Zaman su gibi akıp geçti ve zamanı tamamen unutarak on gün ve gece boyunca tartıştılar. Beyaz saçlı orta yaşlı adam yavaşça durana kadar Wang Teng kazandıklarını sindirmek için gözlerini kapattı.
Üç gün sonra Wang Teng yavaşça gözlerini açtı. Gözlerindeki ışıltı dizginlendi ve ayağa kalkarak beyaz saçlı orta yaşlı adamın önünde saygıyla eğildi, “Teşekkür ederim, Usta!”
“Gitme vaktiniz geldi.” Beyaz saçlı orta yaşlı adam elini salladı ve Wang Teng’e doğru bir jeton uçtu.
Wang Teng içgüdüsel olarak jetonu yakaladı ve şaşırmaktan kendini alamadı. Başını kaldırıp baktığında, tıpkı geldiği zamanki gibi, ayrılırken herhangi bir uyarıda bulunmadan çevrenin anında değiştiğini gördü.
“Bu jetonu elinde tutuyorsun, artık benim doğrudan öğrencimsin.
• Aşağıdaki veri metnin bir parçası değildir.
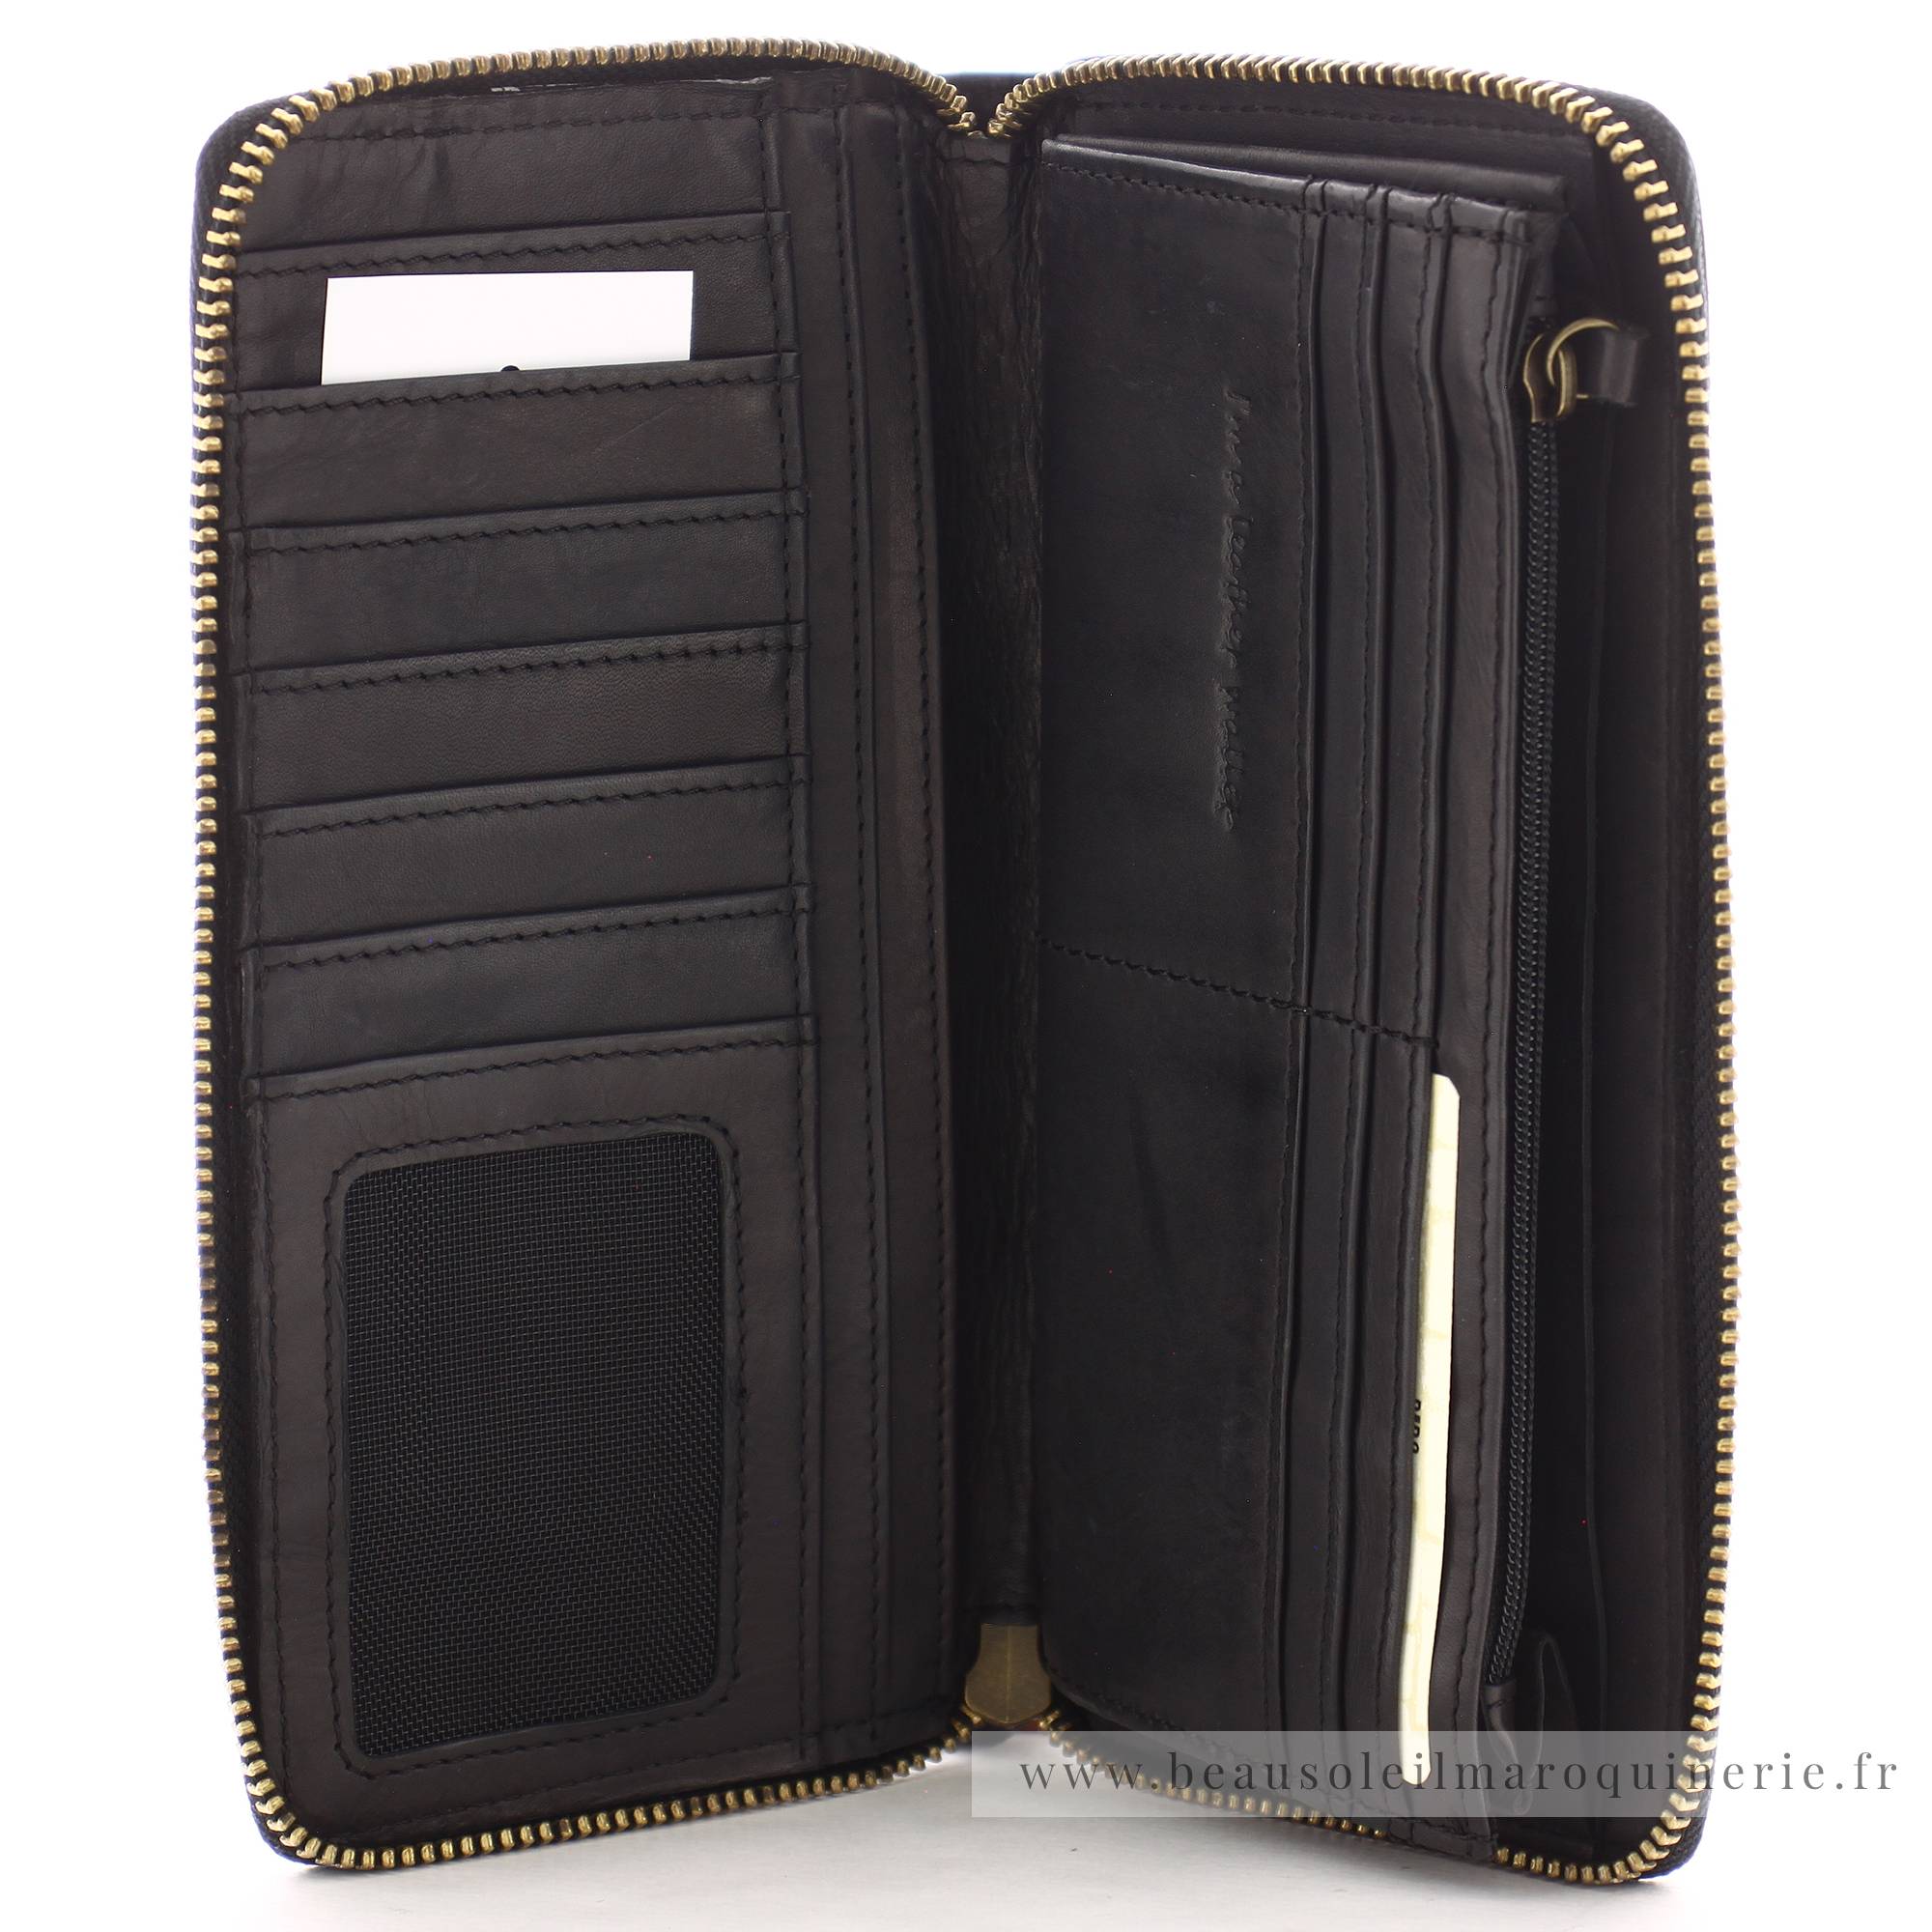 Grand portefeuille zippé Biba Boston BT10 NEGRO de couleur noir, vue intérieur

Tekrar karşılaşacağımız gün geldiğinde, bu senin kimliğinin açığa çıkması olacak.”
“Yıldız Akademilerinden biri sorarsa, onlara jetonu gösterin, anlayacaklardır.”
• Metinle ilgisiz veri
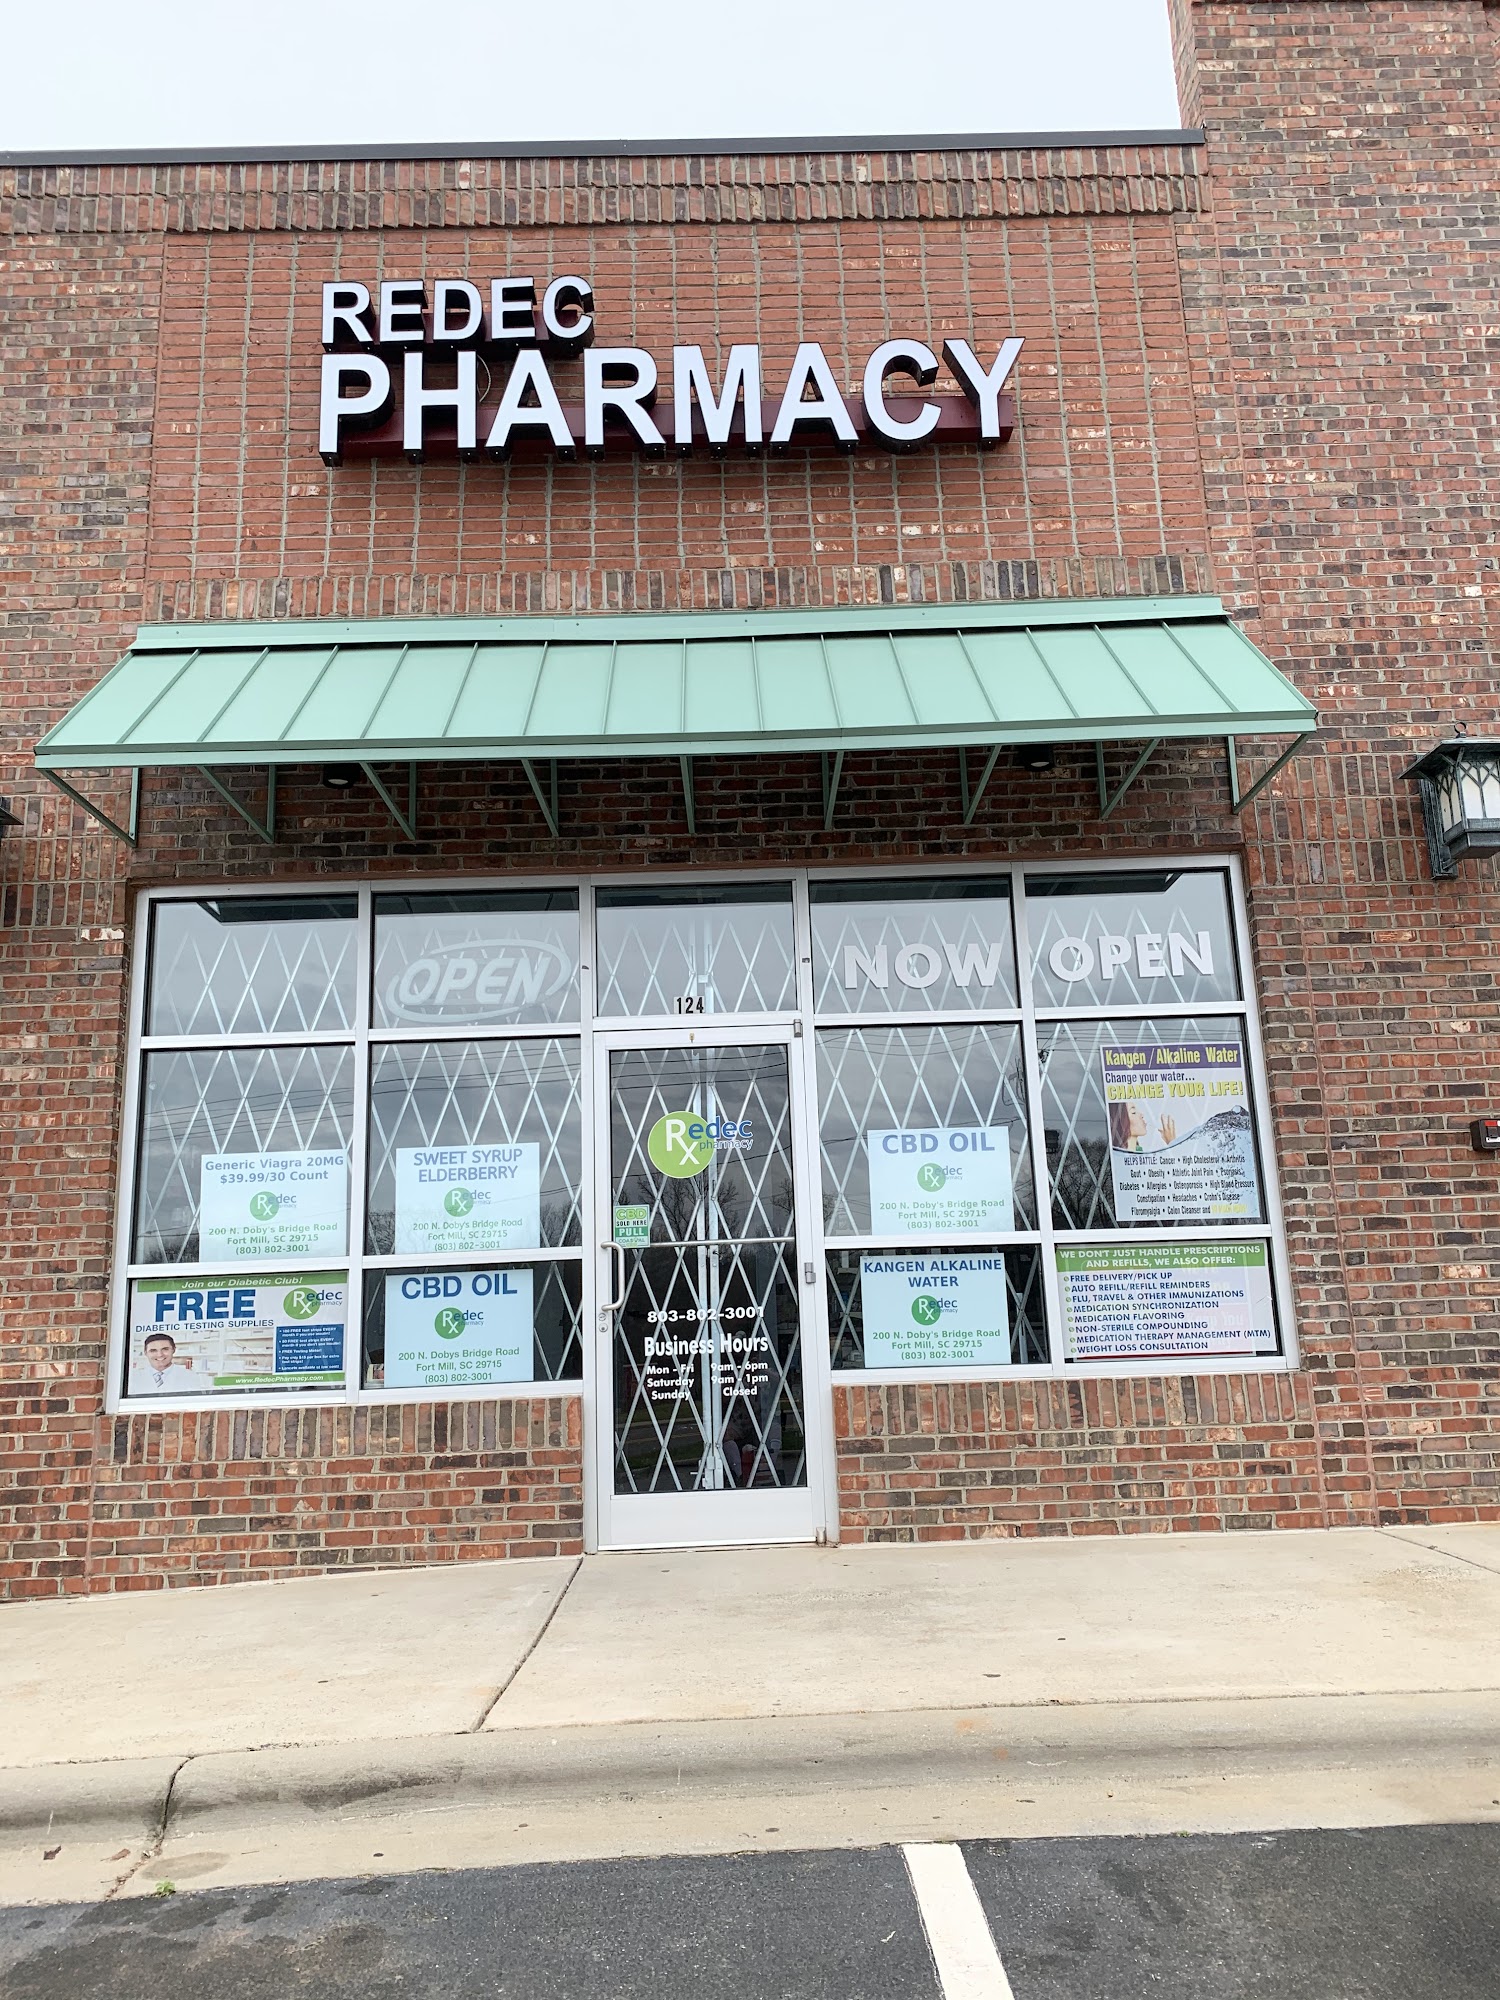 Redec pharmacy

Bir ses yavaşça Wang Teng’in kulaklarına ulaştı, dağdan ayrılırken kayboldu ve sonunda havada dağıldı.
Wang Teng etrafına baktı ve Ruhani Kovuk Dağı’nın zirvesine geri döndüğünü fark etti.
Yedinci Yıldız Akademisi’nin başkanı ve Yedinci Yıldız Akademisi’nden iki tanrı aşamalı dövüş savaşçıları çok uzakta değillerdi. Wang Teng’e şaşkınlıkla baktılar.
Ruhani Kovuk Dağı’nın dışında, öğrenciler gözlerini kocaman açmış sahneye bakıyorlardı.
Onların gözünde Wang Teng sadece bir anlığına ortadan kaybolmuş ve ardından Ruhani Kovuk Dağı’nın zirvesine geri dönmüştü.
“Başkan! Eğitmenler!” Wang Teng aceleyle başkanı ve iki korkunç varlığı selamladı.
Yedinci Yıldız Akademisi Başkanı aniden Wang Teng’in elindeki jetonu gördü. Wang Teng’in omzunu tutarken ifadesi hafifçe değişti ve olduğu yerde kayboldu.
“Beni takip edin!”
İki tanrı aşamasındaki dövüş savaşçıları onu takip etmeden önce birbirleriyle bakıştılar. Ruhani Kovuk Dağı’nın tepesinde gözden kayboldular.